Where, s, t, K are positive integers.
To find:
The smallest possible value of K.
Solution:
The expanded form of [tex](x+s)(x-t)[/tex] is [tex]x^2+Kx-40[/tex]. It means,
[tex](x+s)(x-t)=x^2+Kx-40[/tex]
[tex]x^2-tx+sx-st=x^2+Kx-40[/tex]
[tex]x^2+(s-t)x-st=x^2+Kx-40[/tex]
On comping both sides, we get
[tex]K=s-t[/tex] ...(i)
K is a positive integer if s>t.
And
[tex]st=40[/tex]
The factor pairs of 40 are (1,40), (2,20), (4,10), (5,8), (8,5), (10,4), (20,2) and (40,1).
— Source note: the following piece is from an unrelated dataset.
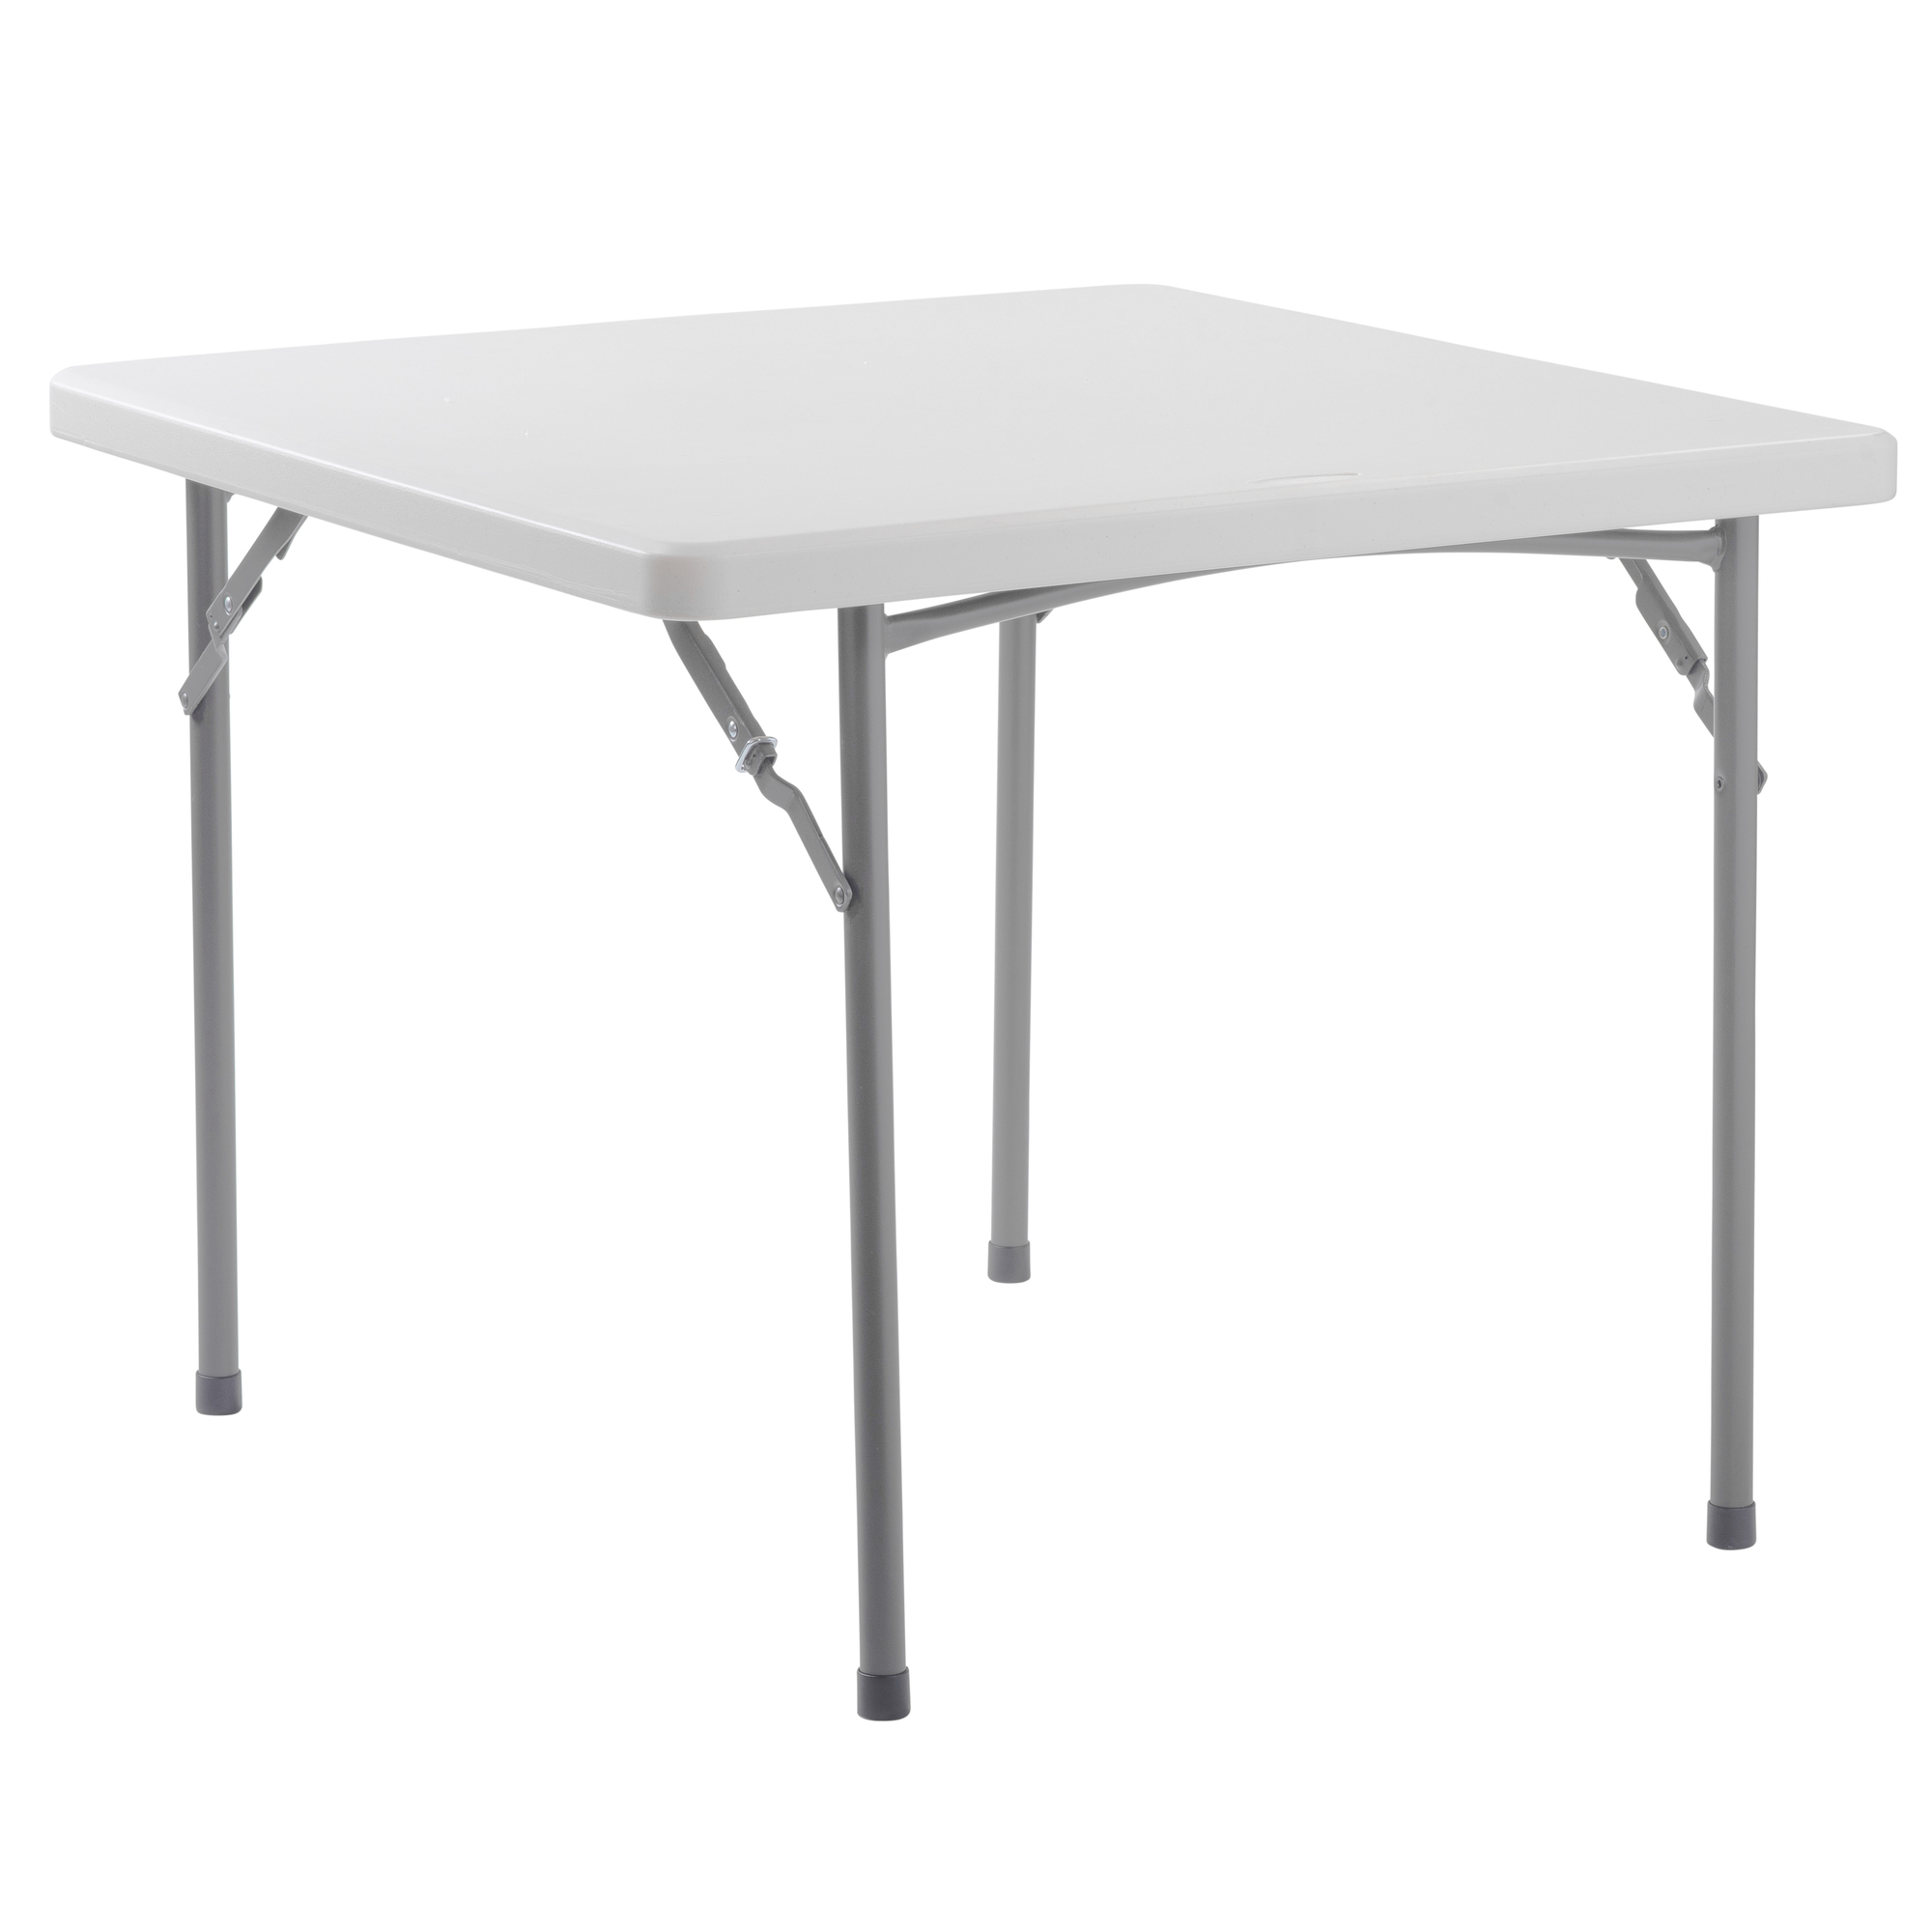 National Public Seating, Heavy Duty Folding Table, Height 29.5 in, Model BT3636
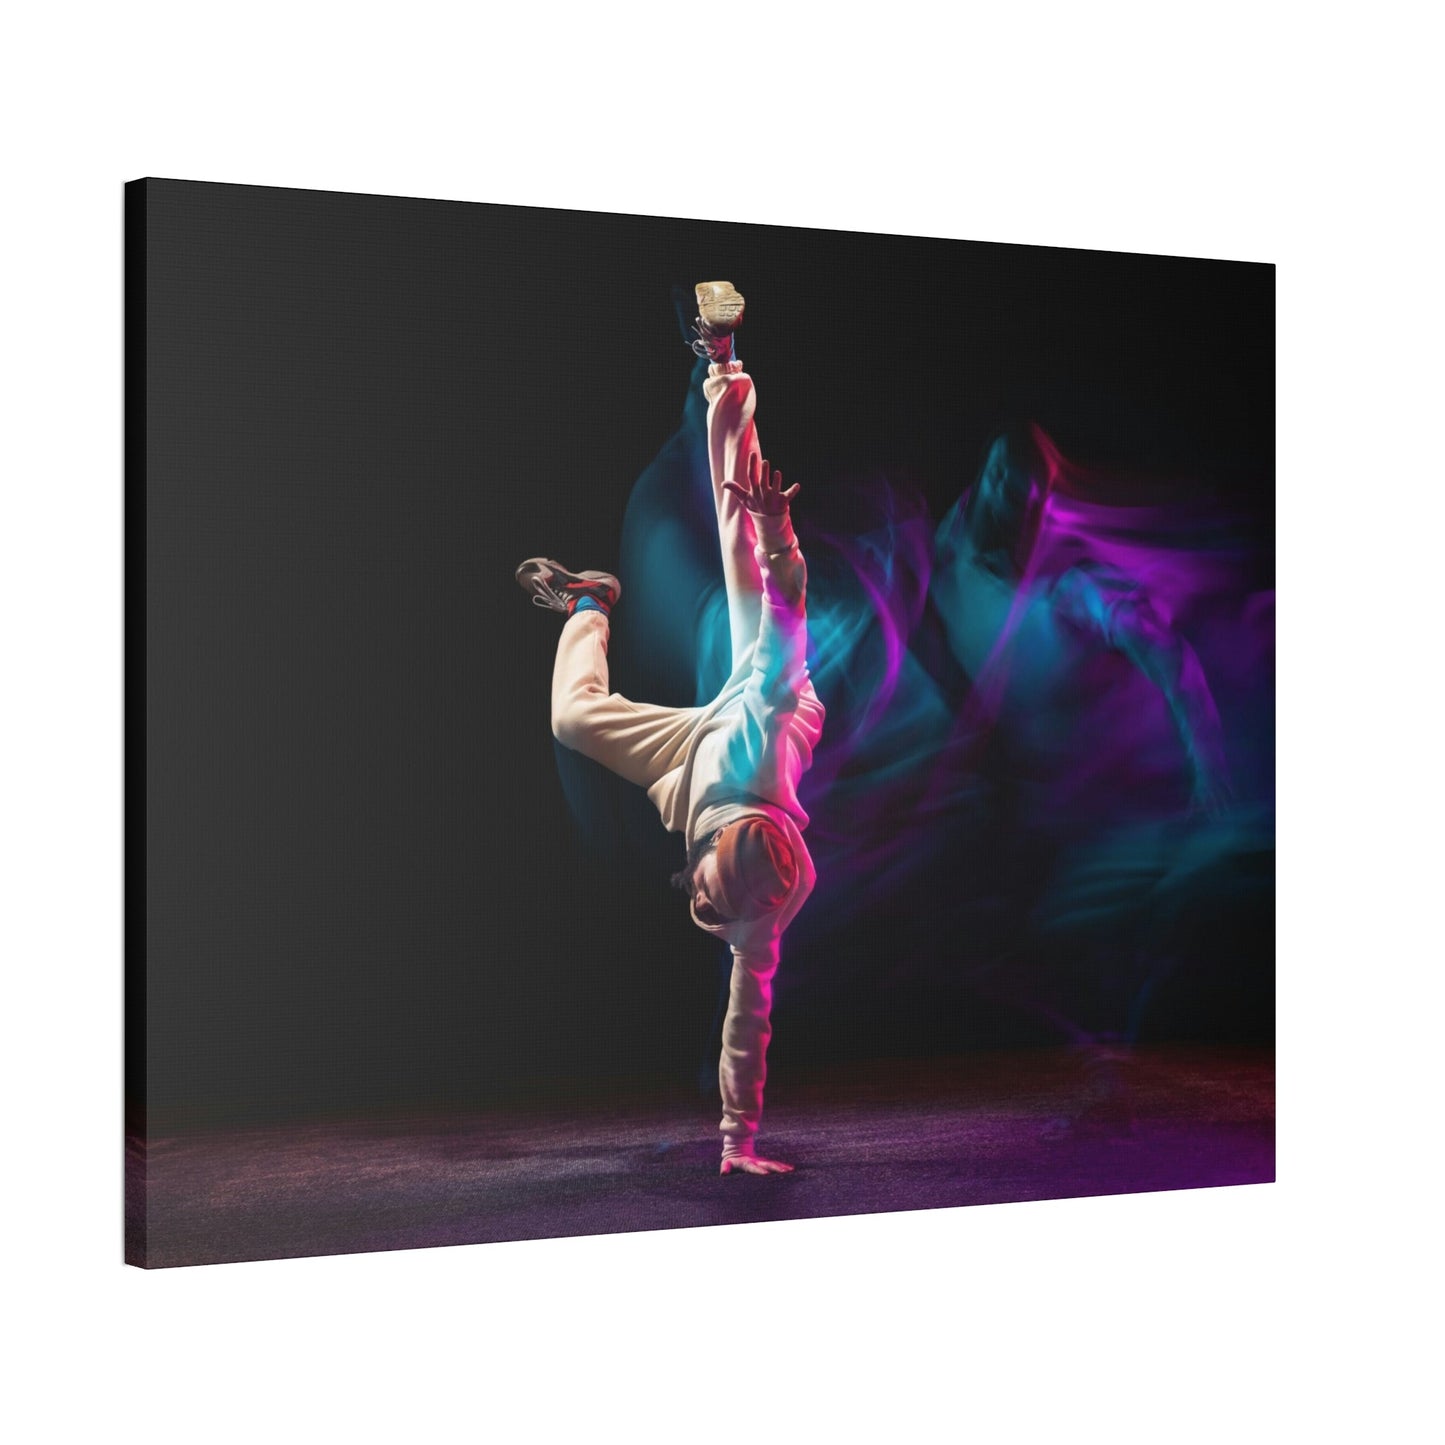 Art of Movement: Natural Canvas and Framed Poster of Dance Choreography

Since s>t, therefore the possible values for (s,t) are (8,5), (10,4), (20,2) and (40,1).
Using (i), find the value of K for each factor pair.
[tex]K=8-5=3[/tex]
[tex]K=10-4=6[/tex]
[tex]K=20-2=18[/tex]
[tex]K=40-1=39[/tex]
Therefore, the smallest possible value of K is 3.